Bien sûr, il y eut des dérapages. Front national, élus de droite, élus de gauche. On les frappa d’anathème, on les excommunia, et on les oublia.

Puis vinrent – apothéose – les obsèques nationales. Aux Invalides, bien sûr, transformées en temple de la République agressée. Foule compactée dans la cour, Président assis devant elle, portraits des victimes. Le Président débita son sermon. La platitude des mots utilisés n’était même plus rattrapée par la profusion de procédés rhétoriques éculés : anaphores, anadiploses, hyperboles. Tout y passa, rien n’y resta !

On fit trente secondes de silence, appelées sobrement « minute de silence » et respectées religieusement partout dans le pays. Véritable consécration eucharistique, ce silence résumait à lui seul toute la vacuité des leçons tirées d’un drame encore répété.

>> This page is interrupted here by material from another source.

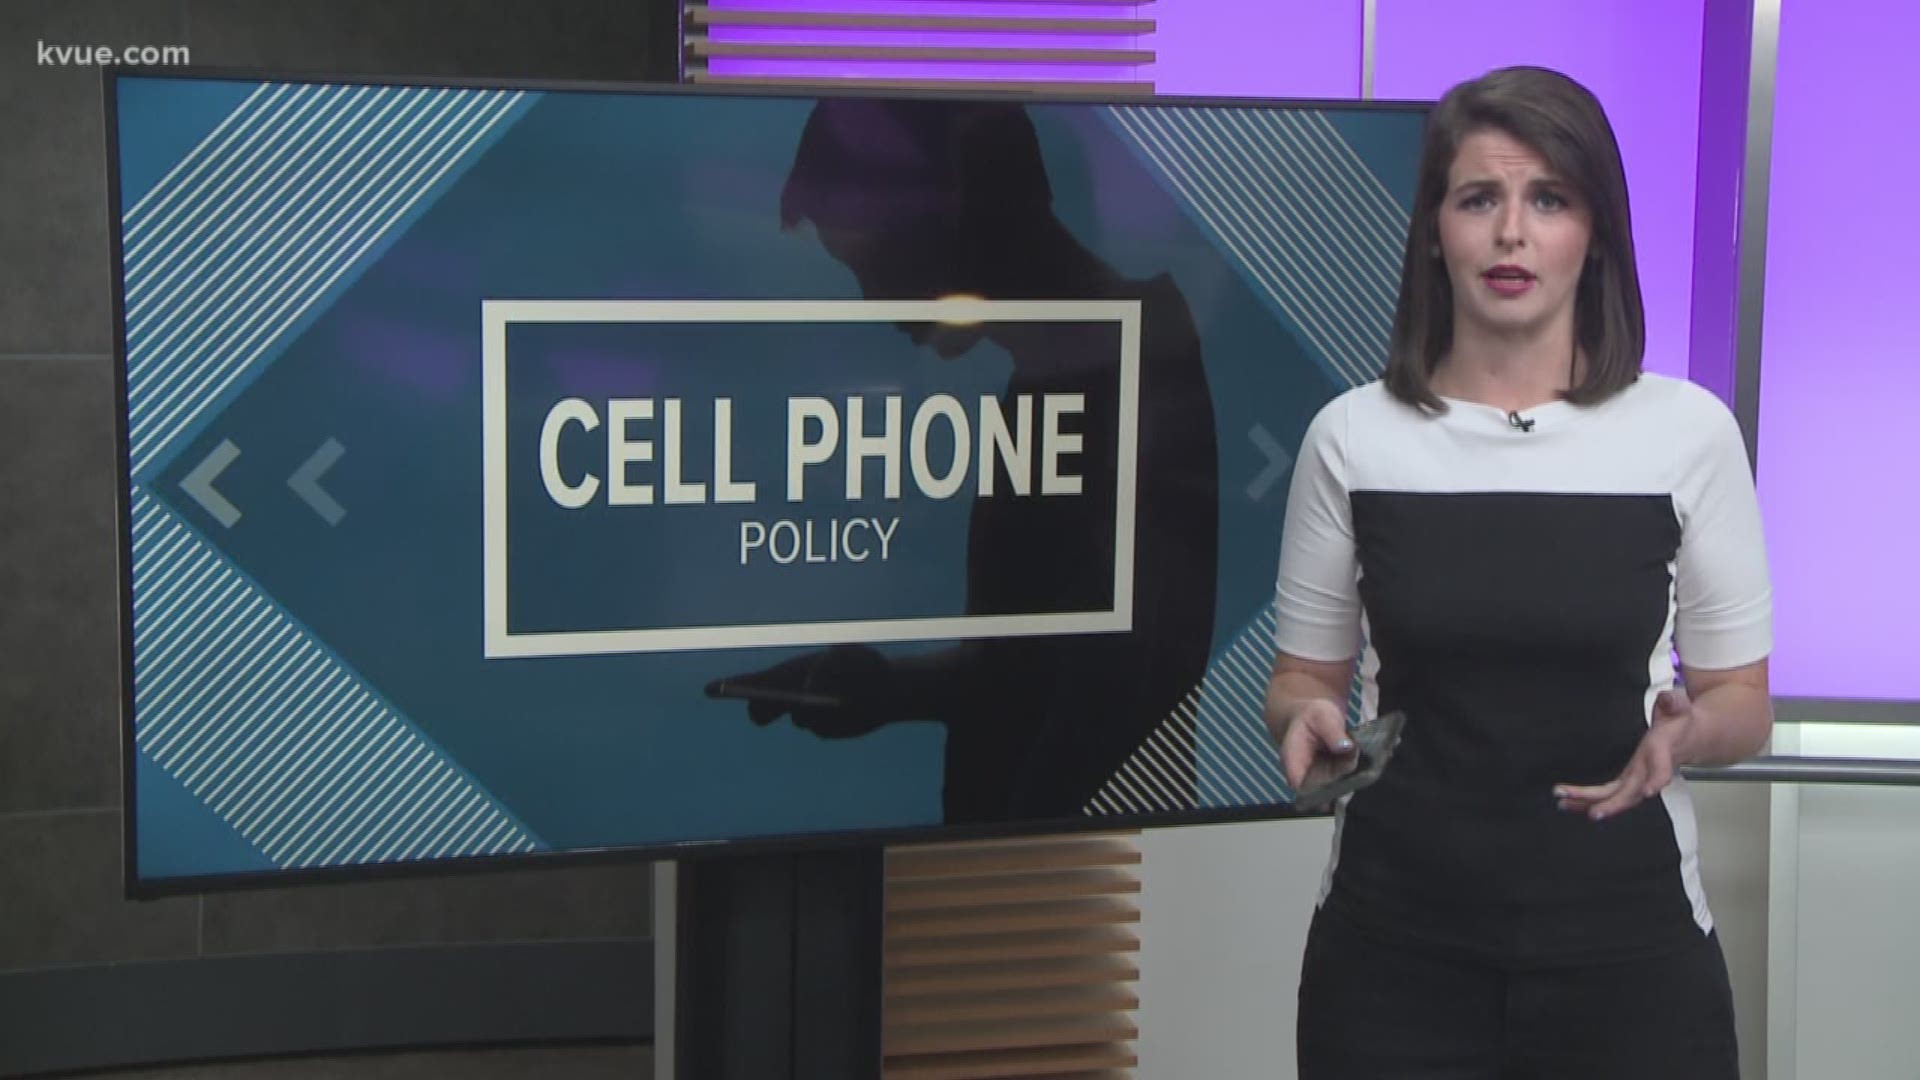 A high school in round rock is asking students to put their phones in pouches at the beginning of class...hoping to cut down on distractions. KVUE's Molly Oak headed to the classroom to see how the new policy is working.

L’Ite missa est fut donné le soir même par un grand concert de résistance réunissant groupe de rock et chœur de l’armée. Délicat œcuménisme entre des styles musicaux que tout oppose.

Au pays de Bossuet, on avait enterré depuis bien longtemps le christianisme. On affectait de ne garder que sa verve, pensant que l’emphase camouflait le vide.

Après tout, ce n’était certainement pas une France faible, déboussolée, individualiste, laïciste et progressiste que méprisaient ces jeunes musulmans. L’islamophobie, voilà l’ennemie !

On était fatigué d’avoir tant bavardé, d’avoir étouffé par tant de mots la lucidité.